Which didn’t come near the reality, of course. Just letters and syllables.
Putting things into words was always a disappointment.
Being there, though. Getting so close to the subject, you were sharing his final moment. The concrete petrol-patched and gritty; the tyre smelling of—well, tyres, but also of everything else: of dog shit, blood and feathers; of the rain on the streets, and stinking tar; of beer and chemicals and fistfights after closing time, and the wrong sort of music choking up the jukebox. Everything cascading at once, round and round. And your eyes on the subject’s, and his on the tyre, so close he’d be breathing in the tread, which was where evidence would be left, because no hose was going to clean that wheel. All that panic; the rat-trapped memories scuttling about; the fine detail stored in the brain’s grey matter—it would all be crushed like salt, crammed into the criss-cross pattern of the rubber, and left there so everyone would know what traitors get: the revving of an engine after midnight, and a close-up of their own misdeeds. They get that last second where they’re thinking this can’t be happening, and they keep right on thinking that until it happens. And then they get whatever comes next, hellfire or radiance, or just the endless silence on the wrong side of a closed door.

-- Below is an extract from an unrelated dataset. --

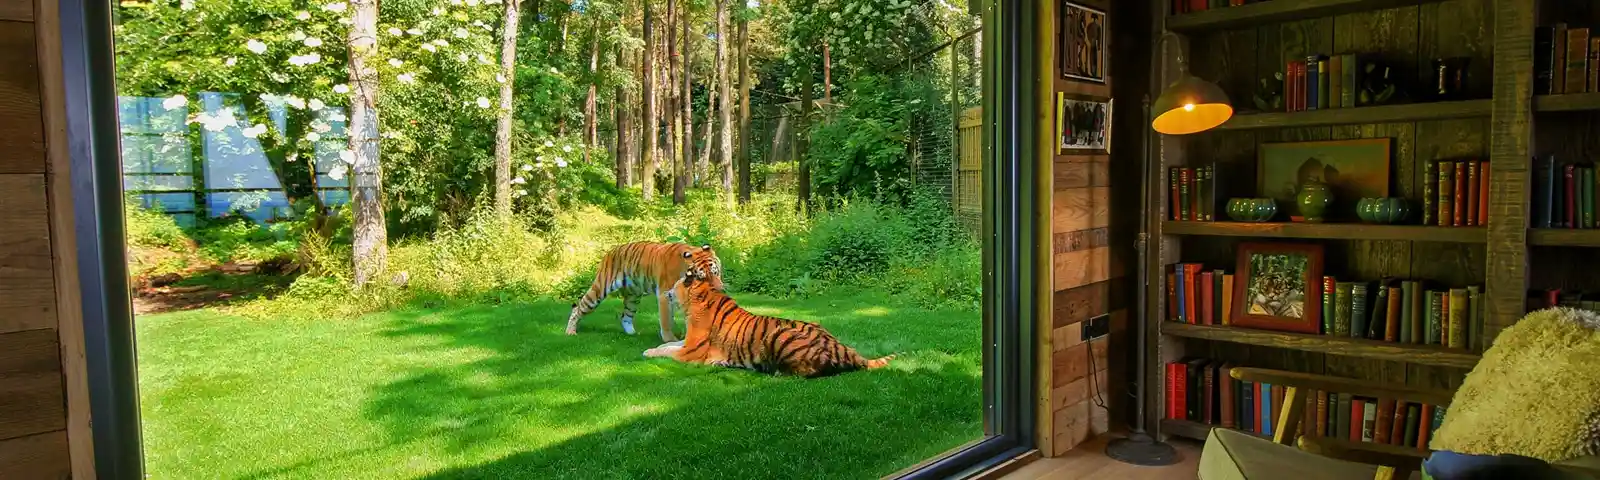 Tiger Lodge at Port Lympne Reserve Living Area Second View - Low Res.jpg

Take your man Stephen Regan. Little gobshite, due a nutting if anyone was: dobbing in names, scratching the wrong backs. Never buying his round. Acted like a big man but he squealed like a kitten at the last, crying for Jesus and shitting himself on the damp concrete. It had been a duty to turn that sack into landfill. Also, there’d been the matter of seeing what it looked like, this manner of dying, and what’s life about if not satisfying the itch? Though every itch came differently, which meant soon you were craving the next. Which was Bernard Docherty. If Stephen had been a crybaby, Bernard had been all balls and no forgiveness; a roaring boy who’d gone to his maker with both fists clenched. Aye, Bernard had been special, which was why they’d been friends once, back in their youth, stealing cars together the way they might have scrumped apples if they’d been different people, somewhere else. But it was all history now, either way.